# General linear model with a quantitative covariate in the presence of a repeated-measures factor

Suppose that we have a response variable that is measured on each subject. There are 2 categorical variables (factors): one between-subject factor Group with two levels (control and treatment) and one within-subject factor Category with three levels (high, moderate, and low). Such a 2 $\times$ 3 mixed ANOVA can be analyzed through a general linear model (GLM) by dummy coding the factors.

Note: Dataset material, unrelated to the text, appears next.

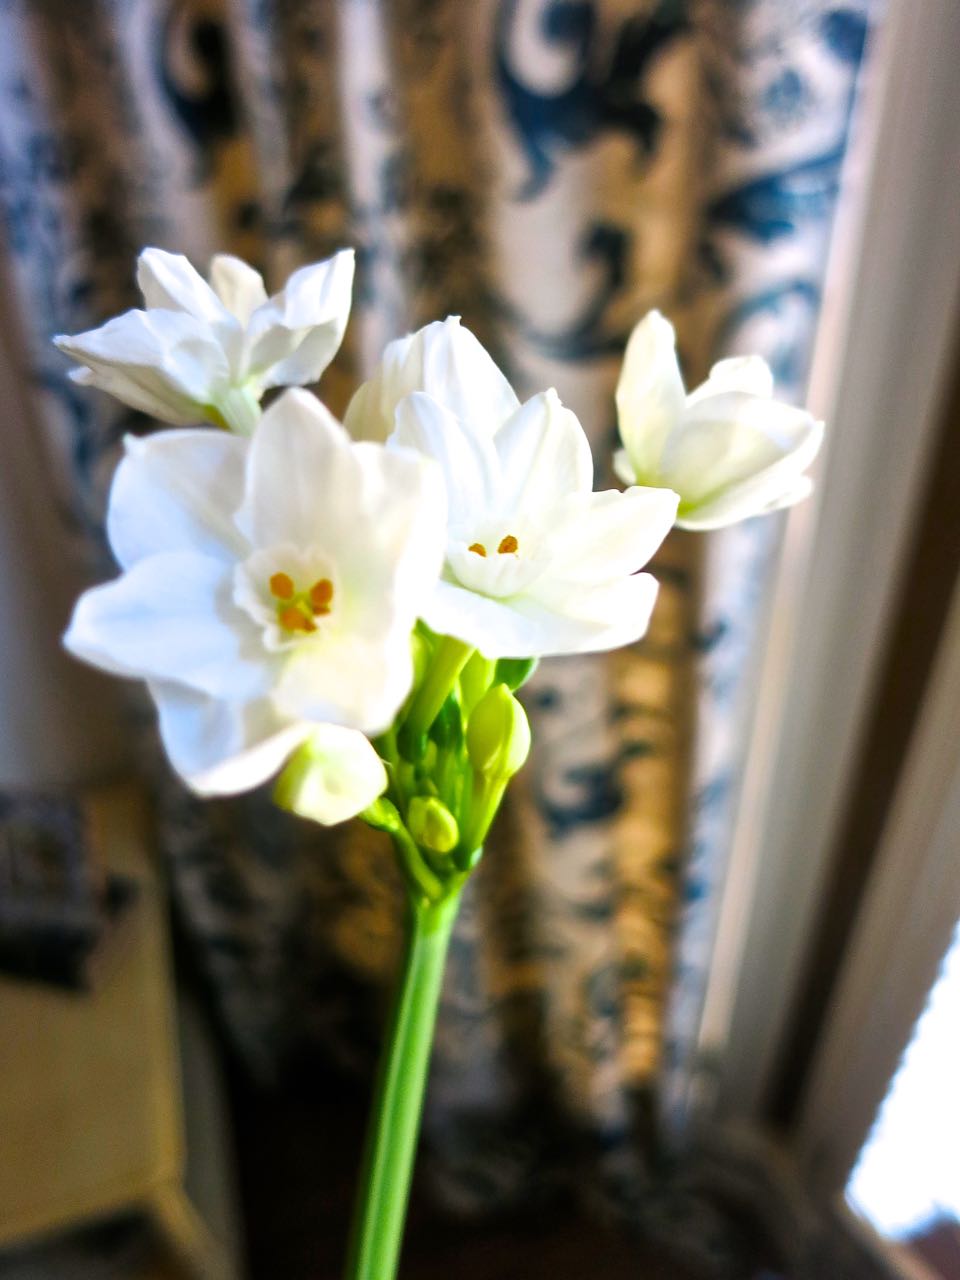 Growing Paperwhites in time for the holidays.

To demonstrate the GLM formulation, assume there are six subjects, three in each group, and we have the following equation with effect coding:

$$\begin{bmatrix} y_{11} \\ y_{12} \\ y_{13} \\ y_{21} \\ y_{22} \\ y_{23} \\ y_{31} \\ y_{32} \\ y_{33} \\ y_{41} \\ y_{42} \\ y_{43} \\ y_{51} \\ y_{52} \\ y_{53} \\ y_{61} \\ y_{62} \\ y_{63} \end{bmatrix} = \begin{bmatrix} 1 & 1 & 1 & 0 & 1 & 0 & 1 & 0 & 0 & 0\\ 1 & 1 & 0 & 1 & 0 & 1 & 1 & 0 & 0 & 0\\ 1 & 1 & -1 & -1 & -1 & -1 & 1 & 0 & 0 & 0\\ 1 & 1 & 1 & 0 & 1 & 0 & 0 & 1 & 0 & 0\\ 1 & 1 & 0 & 1 & 0 & 1 & 0 & 1 & 0 & 0 \\ 1 & 1 & -1 & -1 & -1 & -1 & 0 & 1 & 0 & 0 \\ 1 & 1 & 1 & 0 & 1 & 0 & -1 & -1 & 0 & 0\\ 1 & 1 & 0 & 1 & 0 & 1 & -1 & -1 & 0 & 0\\ 1 & 1 & -1 & -1 & -1 & -1 & -1 & -1 & 0 & 0 \\ 1 & -1 & 1 & 0 & -1 & 0 & 0 & 0 & 1 & 0 \\ 1 & -1 & 0 & 1 & 0 & -1 & 0 & 0 & 1 & 0\\ 1 & -1 & -1 & -1 & 1 & 1 & 0 & 0& 1 & 0 \\ 1 & -1 & 1 & 0 & -1 & 0 & 0 & 0& 0 & 1 \\ 1 & -1 & 0 & 1 & 0 & -1 & 0 & 0& 0 & 1 \\ 1 & -1 & -1 & -1 & 1 & 1 & 0 & 0& 0 & 1 \\ 1 & -1 & 1 & 0 & -1 & 0 & 0 & 0& -1 & -1 \\ 1 & -1 & 0 & 1 & 0 & -1 & 0 & 0& -1 & -1 \\ 1 & -1 & -1 & -1 & 1 & 1 & 0 & 0& -1 & -1 \end{bmatrix}\\ \begin{bmatrix} \beta_0 \\ \beta_1 \\ \beta_2 \\ \beta_3 \\ \beta_4 \\ \beta_5 \\ \beta_6 \\ \beta_7 \\ \beta_8 \\ \beta_9 \end{bmatrix}+\begin{bmatrix} \epsilon_{11} \\ \epsilon_{12} \\ \epsilon_{13} \\ \epsilon_{21} \\ \epsilon_{22} \\ \epsilon_{23} \\ \epsilon_{31} \\ \epsilon_{32} \\ \epsilon_{33} \\ \epsilon_{41} \\ \epsilon_{42} \\ \epsilon_{43} \\ \epsilon_{51} \\ \epsilon_{52} \\ \epsilon_{53} \\ \epsilon_{61} \\ \epsilon_{62} \\ \epsilon_{63} \end{bmatrix}$$

The $F$-statistic for each effect (e.g., main effects and interactions) is formulated with terms each of which is associated with a partial model with some columns removed from the model matrix.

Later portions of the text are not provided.